◆ Problem
Reproduce precisely the lines of the listing below, starting with the line that contains "Boy in Bunker" and stopping after the line that contains "Los asistentes al"; include nothing else.

___ Records to process

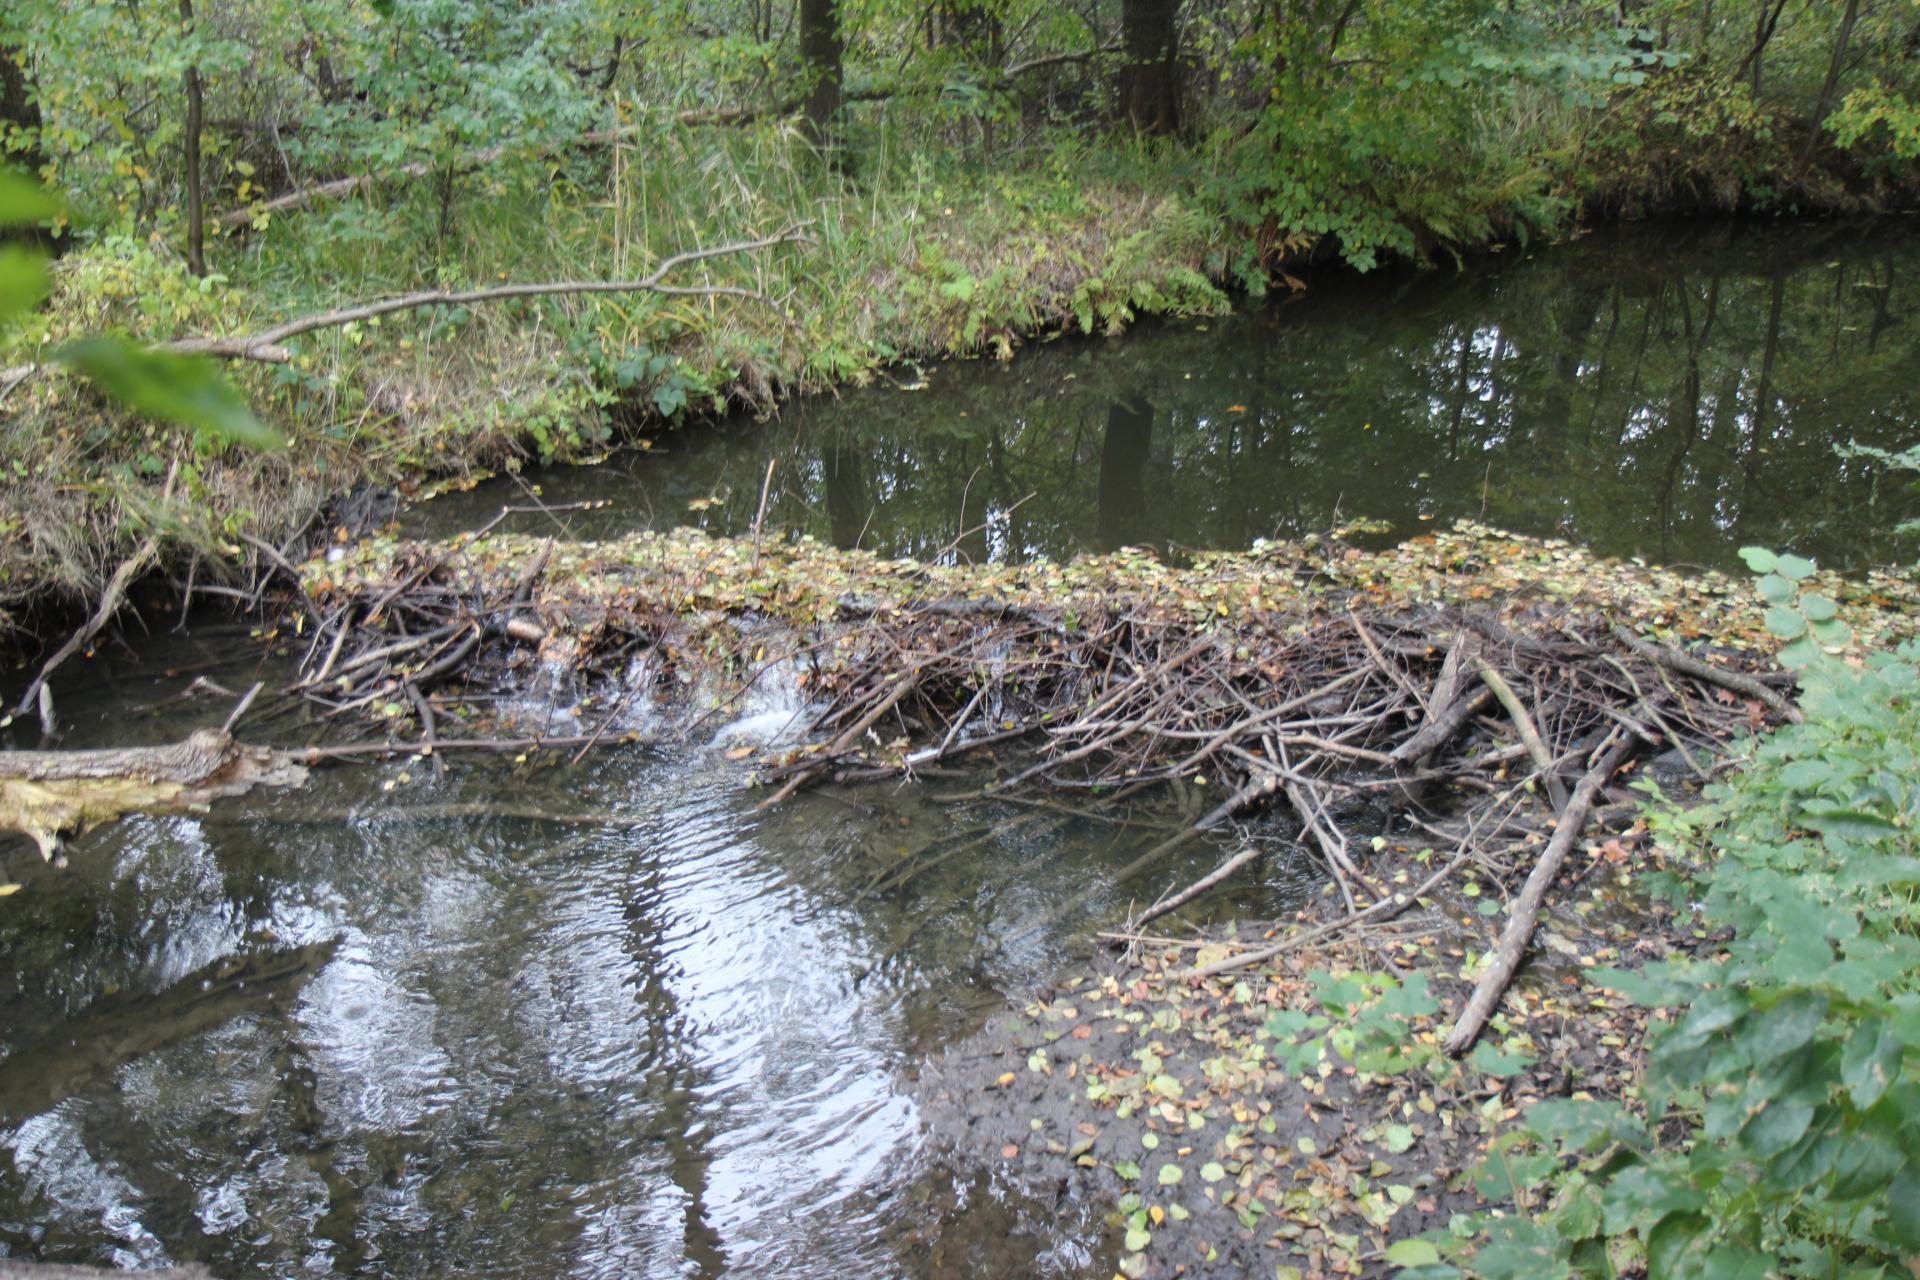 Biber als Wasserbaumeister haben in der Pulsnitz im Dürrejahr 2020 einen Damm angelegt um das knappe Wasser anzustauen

______
___ Records to process

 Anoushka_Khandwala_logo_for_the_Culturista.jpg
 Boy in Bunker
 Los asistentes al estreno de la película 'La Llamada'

______

◆ Task response
 Boy in Bunker
 Los asistentes al estreno de la película 'La Llamada'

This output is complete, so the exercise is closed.